Writing helps me process, but I think I need tools to manage studying, processing being autistic and understanding it better so I can achieve things in the way that I need it.

Thank you for reading, I know it's a long story. Very much appreciated if anyone has advice. 

Parents
  • Hey  welcome to the community! Slight smile

    First of all, I want to say that you’re not a failure. What you’ve been dealing with, academically, emotionally, and physically, is a massive load, and the fact that you’re still here, still trying, and still pursuing your goals shows incredible strength.

    It sounds like you’ve been through so much, and it’s no wonder you feel overwhelmed at times. The diagnosis might feel bittersweet right now, but it’s also the start of understanding yourself better and learning how to work with your brain. You’re right that being autistic comes with struggles, but it also comes with its own strengths. You’ve already shown so much resilience, creativity, and passion for learning.

    Maybe look into strategies for neurodivergent people, like breaking tasks into small, manageable steps, setting timers to stay on track, and prioritising taking breaks/resting to avoid burnout.

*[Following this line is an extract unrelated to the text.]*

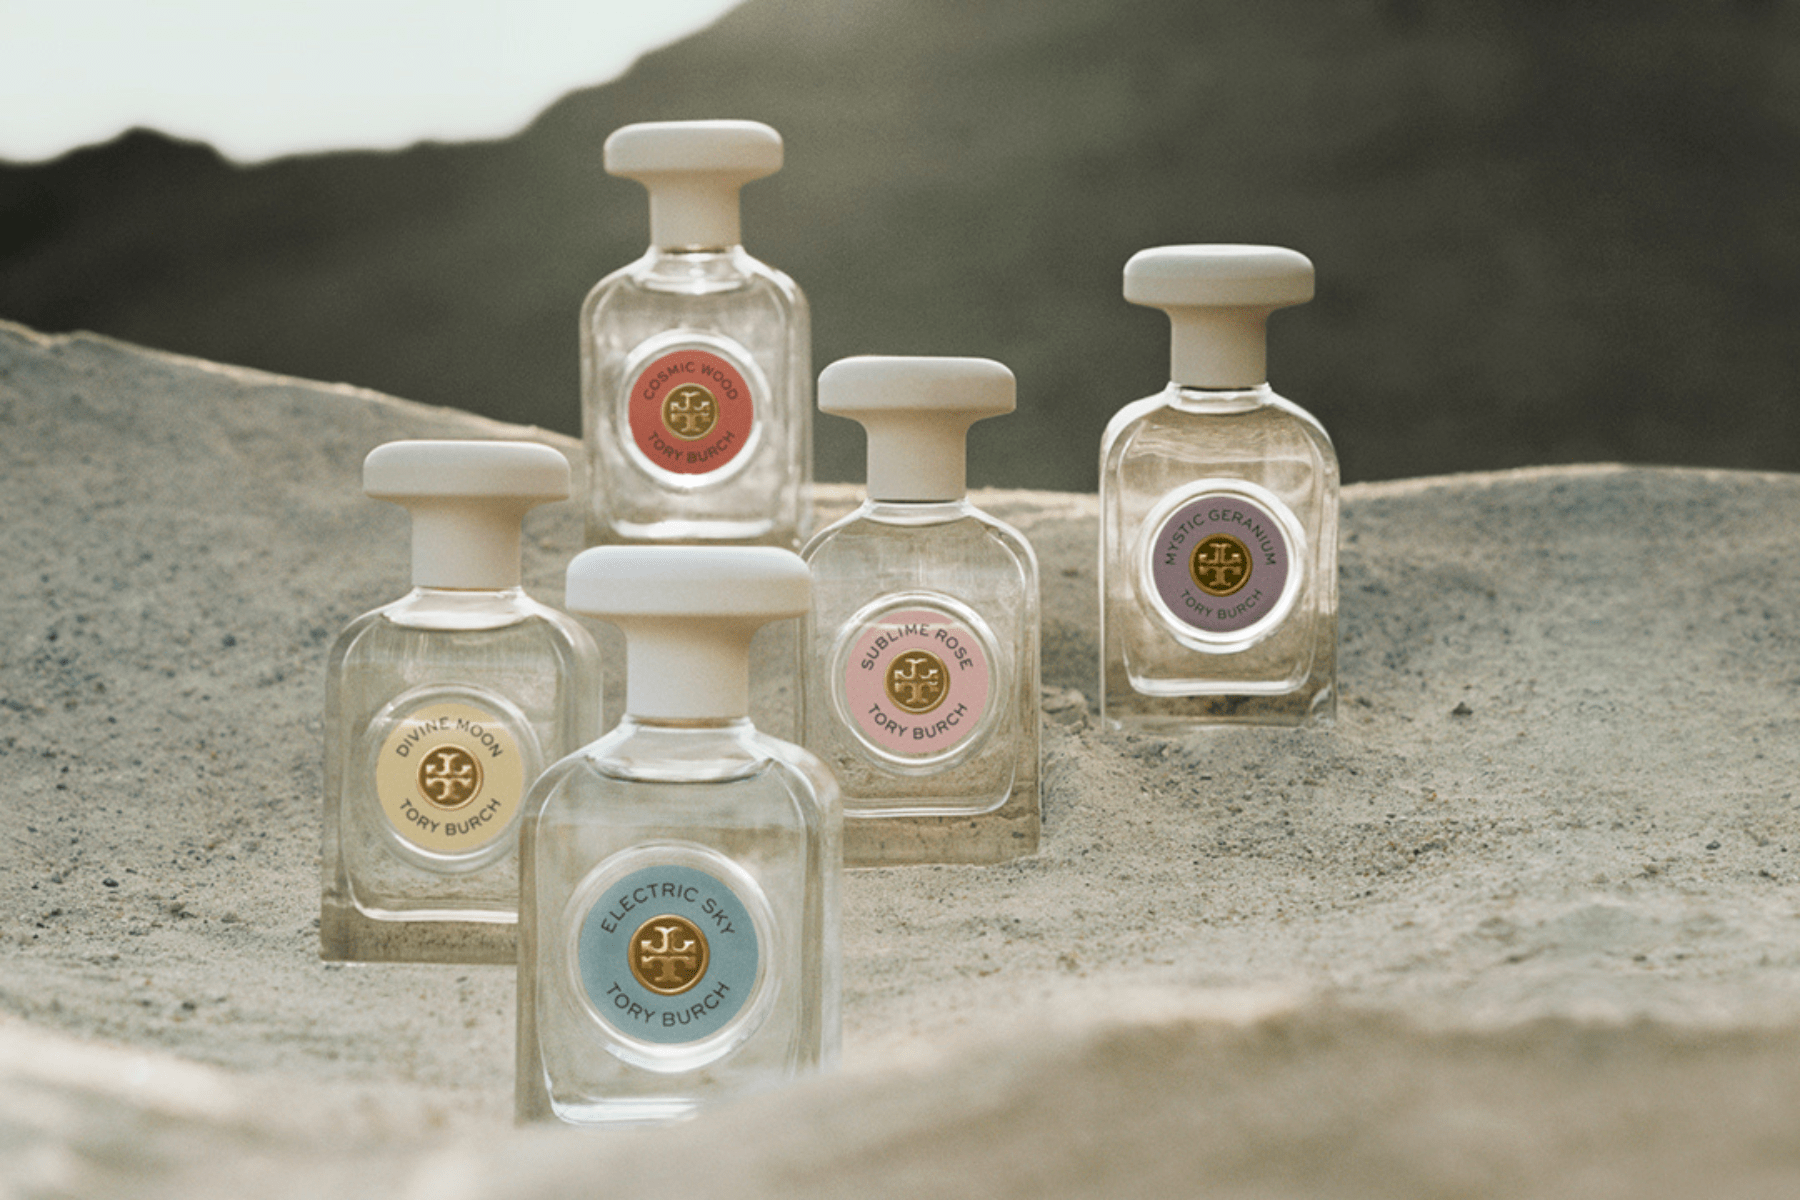 The Tory Burch Essence of Dreams fragrance line has landed in Malaysia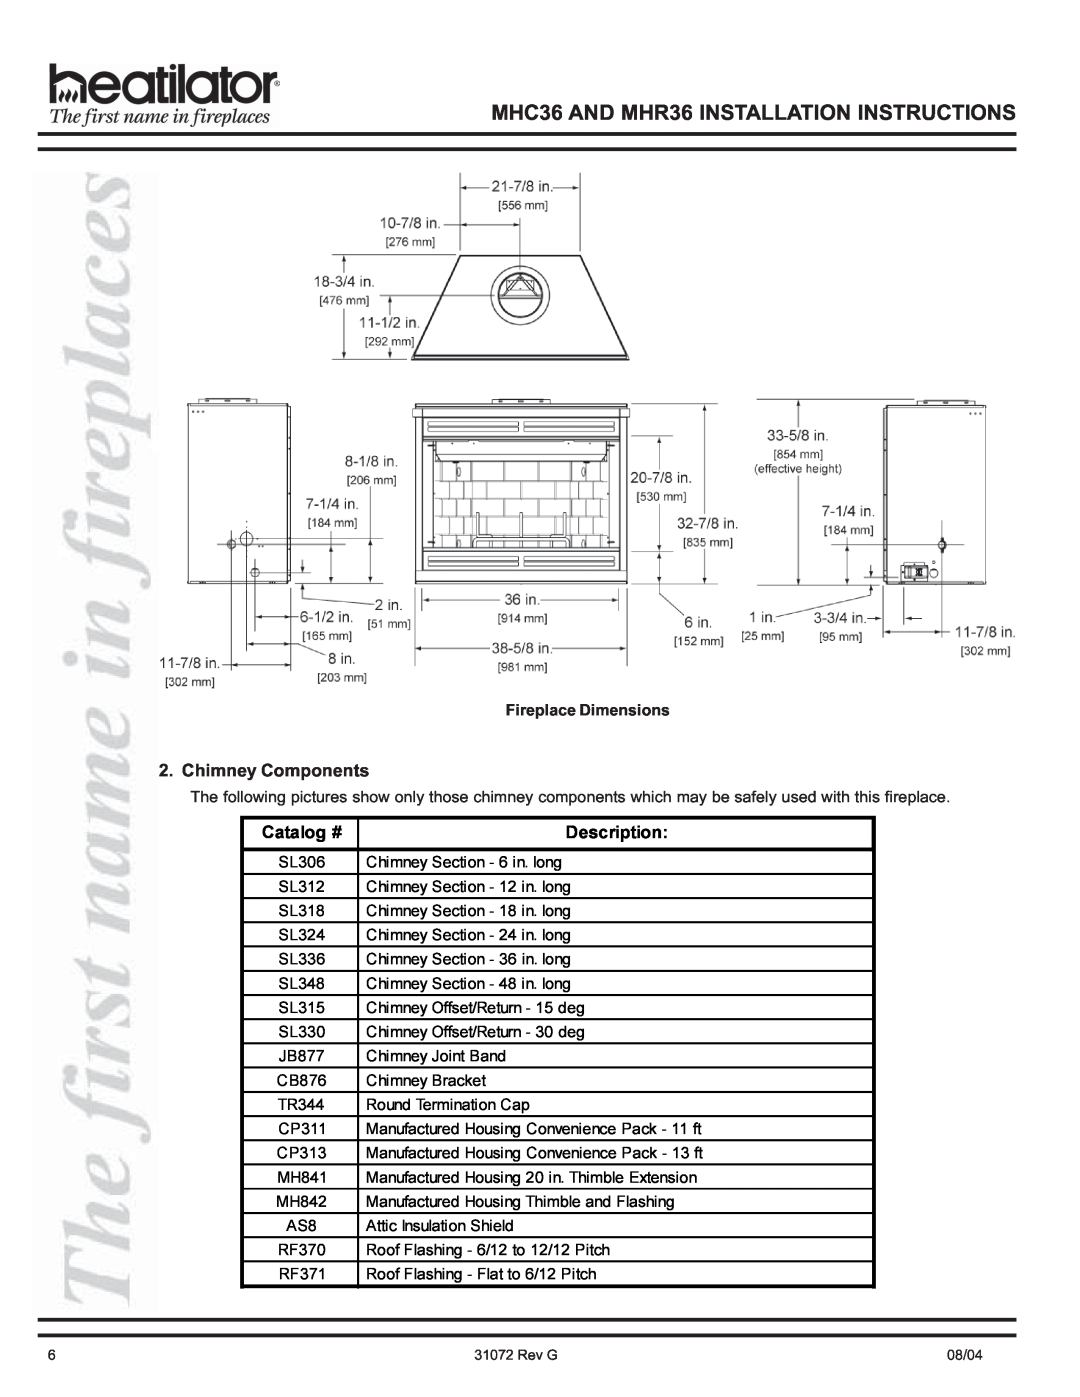 Heart & Home Collectables manual Chimney Components, MHC36 AND MHR36 INSTALLATION INSTRUCTIONS, Catalog #, Description

It might also be worth finding a therapist who understands autism to help you look at sustainable routines and ways for managing shutdowns and meltdowns. Learning from other autistic people also helps, so being part of this forum is a great step!

    You’re not alone in this, and it’s okay to take things at your own pace. It’s not about being “perfect” or “consistent” all the time, it’s about finding what works for you and recognising that progress isn’t always linear. You’ve already achieved so much, even if it doesn’t feel like it right now, and there’s so much more ahead of you. Keep reaching out, and don’t hesitate to lean on this community. Slight smile

  • Thanks for your words and advice, I’m feeling very welcome here. Glad I decided to join!